Data excerpts:
BEGIN

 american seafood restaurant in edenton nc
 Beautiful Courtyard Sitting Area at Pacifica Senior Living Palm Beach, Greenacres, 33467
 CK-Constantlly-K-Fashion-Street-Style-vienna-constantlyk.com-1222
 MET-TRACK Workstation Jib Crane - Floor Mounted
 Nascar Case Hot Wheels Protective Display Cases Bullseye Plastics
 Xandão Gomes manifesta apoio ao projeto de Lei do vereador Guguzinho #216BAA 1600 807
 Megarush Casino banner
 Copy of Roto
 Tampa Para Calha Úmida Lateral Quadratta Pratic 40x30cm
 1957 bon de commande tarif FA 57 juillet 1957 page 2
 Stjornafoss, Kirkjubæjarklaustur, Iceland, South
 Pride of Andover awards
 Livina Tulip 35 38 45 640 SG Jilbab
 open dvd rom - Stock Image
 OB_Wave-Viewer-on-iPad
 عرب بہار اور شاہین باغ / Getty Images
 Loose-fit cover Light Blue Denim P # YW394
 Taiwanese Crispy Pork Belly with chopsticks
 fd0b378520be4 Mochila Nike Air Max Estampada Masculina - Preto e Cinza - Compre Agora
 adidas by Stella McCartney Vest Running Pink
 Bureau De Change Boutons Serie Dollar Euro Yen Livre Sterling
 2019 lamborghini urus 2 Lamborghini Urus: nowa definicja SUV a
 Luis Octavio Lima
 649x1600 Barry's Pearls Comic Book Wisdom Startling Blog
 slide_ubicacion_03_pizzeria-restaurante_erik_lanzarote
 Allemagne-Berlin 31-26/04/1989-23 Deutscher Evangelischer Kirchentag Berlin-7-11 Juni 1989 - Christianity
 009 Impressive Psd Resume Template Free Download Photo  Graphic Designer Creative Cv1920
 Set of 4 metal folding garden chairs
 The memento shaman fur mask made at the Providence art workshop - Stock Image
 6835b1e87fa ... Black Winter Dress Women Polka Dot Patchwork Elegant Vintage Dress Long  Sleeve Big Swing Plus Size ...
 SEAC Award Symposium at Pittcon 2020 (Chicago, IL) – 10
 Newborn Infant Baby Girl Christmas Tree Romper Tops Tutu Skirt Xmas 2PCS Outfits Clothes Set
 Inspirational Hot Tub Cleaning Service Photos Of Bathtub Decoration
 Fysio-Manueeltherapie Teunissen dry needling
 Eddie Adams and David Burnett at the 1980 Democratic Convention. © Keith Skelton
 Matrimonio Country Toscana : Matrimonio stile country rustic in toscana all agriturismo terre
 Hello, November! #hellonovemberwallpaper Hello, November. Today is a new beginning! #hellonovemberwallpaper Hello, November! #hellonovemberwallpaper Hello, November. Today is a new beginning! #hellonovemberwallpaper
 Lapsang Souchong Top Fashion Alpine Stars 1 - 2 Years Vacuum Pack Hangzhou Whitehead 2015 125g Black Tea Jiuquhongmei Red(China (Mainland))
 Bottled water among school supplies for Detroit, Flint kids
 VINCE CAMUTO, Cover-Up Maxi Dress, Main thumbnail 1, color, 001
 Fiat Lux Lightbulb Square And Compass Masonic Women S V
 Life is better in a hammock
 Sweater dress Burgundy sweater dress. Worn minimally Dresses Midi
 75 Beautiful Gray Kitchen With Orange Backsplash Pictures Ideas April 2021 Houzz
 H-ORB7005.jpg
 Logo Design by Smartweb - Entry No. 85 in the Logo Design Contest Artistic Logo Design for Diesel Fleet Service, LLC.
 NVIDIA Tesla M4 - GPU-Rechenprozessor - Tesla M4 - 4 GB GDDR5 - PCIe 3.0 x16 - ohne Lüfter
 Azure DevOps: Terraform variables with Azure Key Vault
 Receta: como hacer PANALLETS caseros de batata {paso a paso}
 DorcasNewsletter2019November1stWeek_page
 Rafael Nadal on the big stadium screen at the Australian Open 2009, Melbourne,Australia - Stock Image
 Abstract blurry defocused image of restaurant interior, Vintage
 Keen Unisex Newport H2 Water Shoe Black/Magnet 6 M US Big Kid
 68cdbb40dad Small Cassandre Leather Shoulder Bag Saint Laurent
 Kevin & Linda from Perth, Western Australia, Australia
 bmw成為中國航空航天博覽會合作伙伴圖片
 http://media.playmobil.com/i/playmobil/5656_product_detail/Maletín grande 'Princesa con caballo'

END

If a line falls between the first line of the data above and the line holding "Matrimonio Country Toscana", inclusive, retype it exactly; retype no other line.

◆ RESPONSE:
 american seafood restaurant in edenton nc
 Beautiful Courtyard Sitting Area at Pacifica Senior Living Palm Beach, Greenacres, 33467
 CK-Constantlly-K-Fashion-Street-Style-vienna-constantlyk.com-1222
 MET-TRACK Workstation Jib Crane - Floor Mounted
 Nascar Case Hot Wheels Protective Display Cases Bullseye Plastics
 Xandão Gomes manifesta apoio ao projeto de Lei do vereador Guguzinho #216BAA 1600 807
 Megarush Casino banner
 Copy of Roto
 Tampa Para Calha Úmida Lateral Quadratta Pratic 40x30cm
 1957 bon de commande tarif FA 57 juillet 1957 page 2
 Stjornafoss, Kirkjubæjarklaustur, Iceland, South
 Pride of Andover awards
 Livina Tulip 35 38 45 640 SG Jilbab
 open dvd rom - Stock Image
 OB_Wave-Viewer-on-iPad
 عرب بہار اور شاہین باغ / Getty Images
 Loose-fit cover Light Blue Denim P # YW394
 Taiwanese Crispy Pork Belly with chopsticks
 fd0b378520be4 Mochila Nike Air Max Estampada Masculina - Preto e Cinza - Compre Agora
 adidas by Stella McCartney Vest Running Pink
 Bureau De Change Boutons Serie Dollar Euro Yen Livre Sterling
 2019 lamborghini urus 2 Lamborghini Urus: nowa definicja SUV a
 Luis Octavio Lima
 649x1600 Barry's Pearls Comic Book Wisdom Startling Blog
 slide_ubicacion_03_pizzeria-restaurante_erik_lanzarote
 Allemagne-Berlin 31-26/04/1989-23 Deutscher Evangelischer Kirchentag Berlin-7-11 Juni 1989 - Christianity
 009 Impressive Psd Resume Template Free Download Photo  Graphic Designer Creative Cv1920
 Set of 4 metal folding garden chairs
 The memento shaman fur mask made at the Providence art workshop - Stock Image
 6835b1e87fa ... Black Winter Dress Women Polka Dot Patchwork Elegant Vintage Dress Long  Sleeve Big Swing Plus Size ...
 SEAC Award Symposium at Pittcon 2020 (Chicago, IL) – 10
 Newborn Infant Baby Girl Christmas Tree Romper Tops Tutu Skirt Xmas 2PCS Outfits Clothes Set
 Inspirational Hot Tub Cleaning Service Photos Of Bathtub Decoration
 Fysio-Manueeltherapie Teunissen dry needling
 Eddie Adams and David Burnett at the 1980 Democratic Convention. © Keith Skelton
 Matrimonio Country Toscana : Matrimonio stile country rustic in toscana all agriturismo terre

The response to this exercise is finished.